The Many Contexts of Human Development
| November 14, 2010 | Posted by admin under Self-Improvement |
We often think of development as originating within the individual – the result of such internal factors as genetic programming, physical maturation, cognitive growth, and personal choices. However, development is also greatly influenced by forces outside the individual, by the physical surroundings and social interactions that provide incentives, opportunities, and pathways for growth. Taken as a whole, these external forces are the context of development.
Calling attention to these external influences more than twenty-five years ago, Urie Bronfenbrenner, a leading developmental researcher, began to emphasize what he calls an ecological approach to the study of human development. In essence, this approach regards human development as a “joint function of person and environment”. Thus, just as a naturalist studying a flower or a fish needs to examine the organism’s supporting ecosystems, Bronfenbrenner argues, developmentalists need to study the ecological systems, or contexts, in which each human being seeks to thrive.

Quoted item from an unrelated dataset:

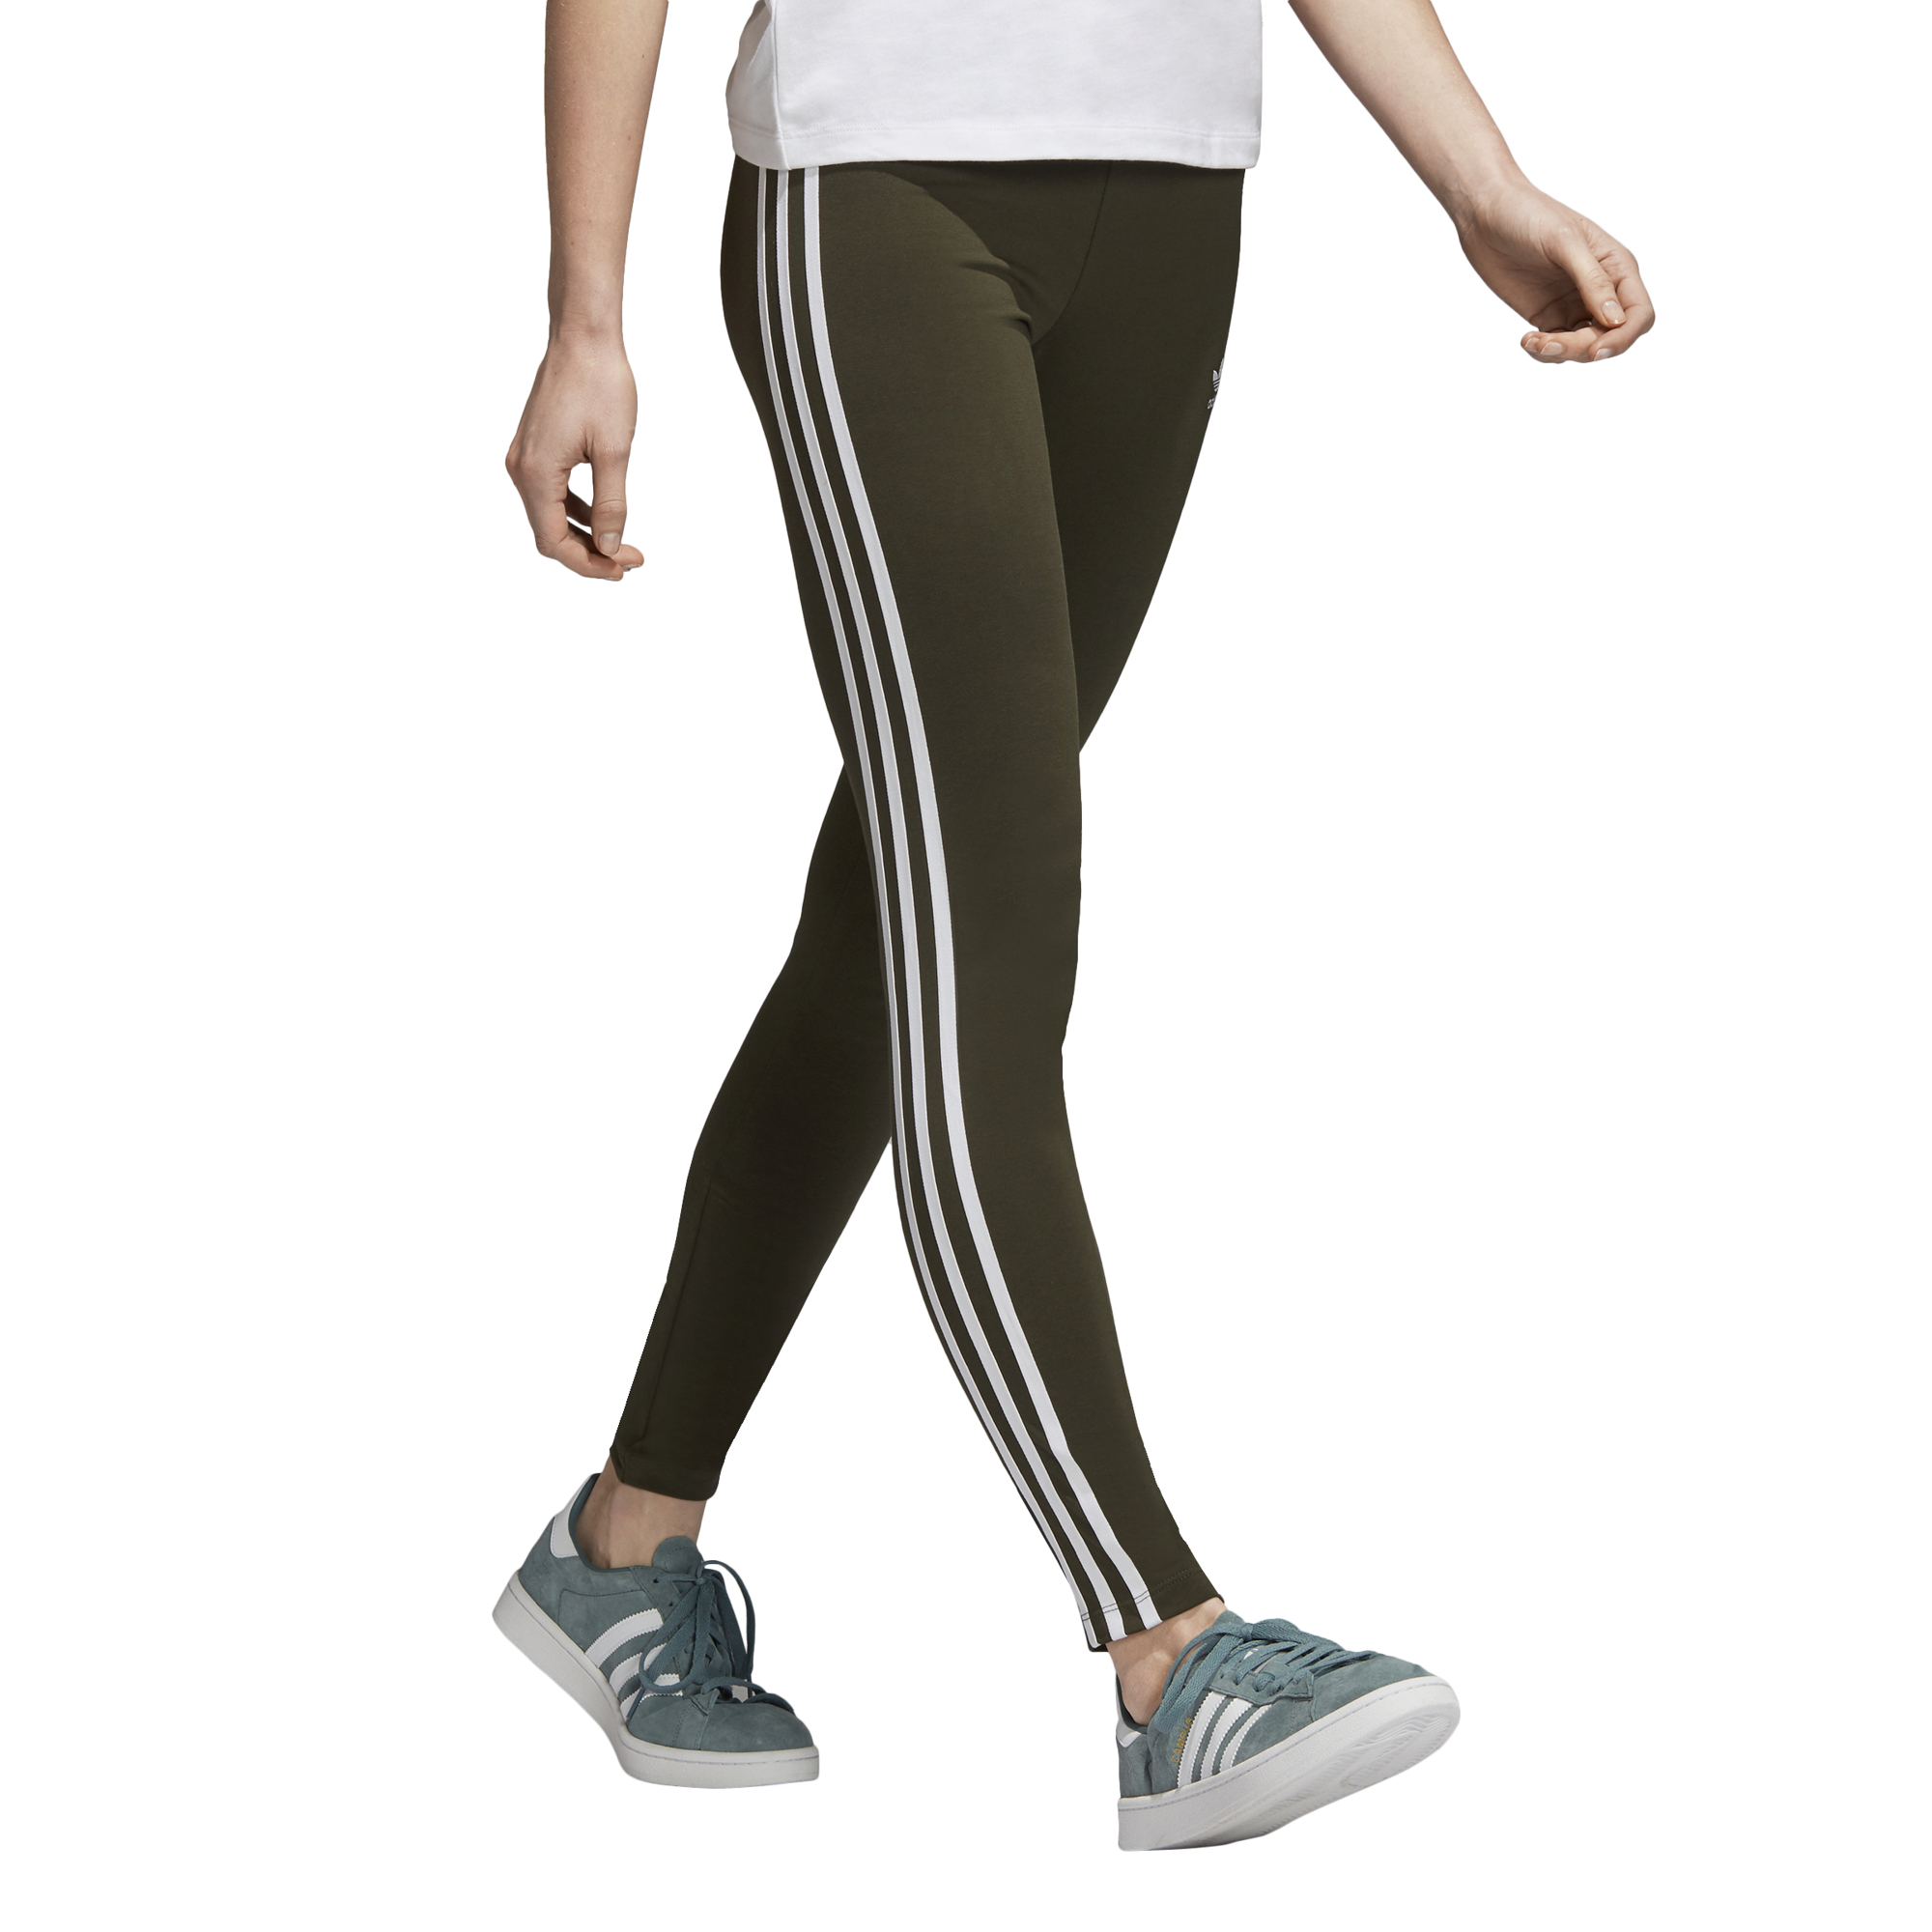 e9c3c4fdd3a2d legginsy adidas 3-stripes DH3171    timsport.pl - dodatkowe zniżki ...

To depict the main ecosystems that support human development, Bronfenbrenner has devised an ecological model that organizes the broad contexts of development in terms of the relative immediacy of their impact on the individual. At the center of this model is the individual. Each immediate social setting that surrounds and shapes that individual is called a microsystem. Examples of microsystems include the family, the peer group, the classroom, the workplace, and so on. The mesosystem comprises the connections between various microsystems – such as parentteacher conferences that link home and school. Next comes the exosystem,the specific economic, political, educational, and cultural institutions and practices that directly affect the various microsystems and, indirectly but often powerfully, everyone in those microsystems. Surrounding and permeating all these developmental contexts is the macrosystem, the overarching traditions, beliefs, and values of the society.
The influences within and between these systems are multidirectional and interactive. For example, research has shown that the quality of life in the family microsystem directly affects a worker’s productivity on the job. At the same time, the microsystem of the workplace – specifically the stresses and satisfactions at the office, store, factory, or farm – affects the quality of life at home, including how satisfied a couple is with their marriage and how responsive they are to their children.
These reciprocal interactions between home and work are also affected by factors in the surrounding exosystem and macrosystem. In North America, for example, hard work and pioneer self-sufficiency are bedrock values, and, for most Americans, being productive and independent is key to their sense of self-worth. Consequently, if the family breadwinner loses a job, that loss may affect family life not only through the financial strain it causes but also through the psychological stress it creates. This link among systems is dramatically reflected during times of economic recession: as unemployment in a community increases, domestic violence and divorce typically increase as well.
Bronfenbrenner’s ecological approach to development is very useful in highlighting the complex influences, both immediate and distant, on any one person’s development. However, Bronfenbrenner’s terminology, and his depiction of spheres of influence, nested one inside the other, sometimes lead students to think of these ecosystems as discrete entities, with clear boundaries between them – when, in fact, the various systems are inextricably intermeshed, their effects dynamic, fluid, and overlapping.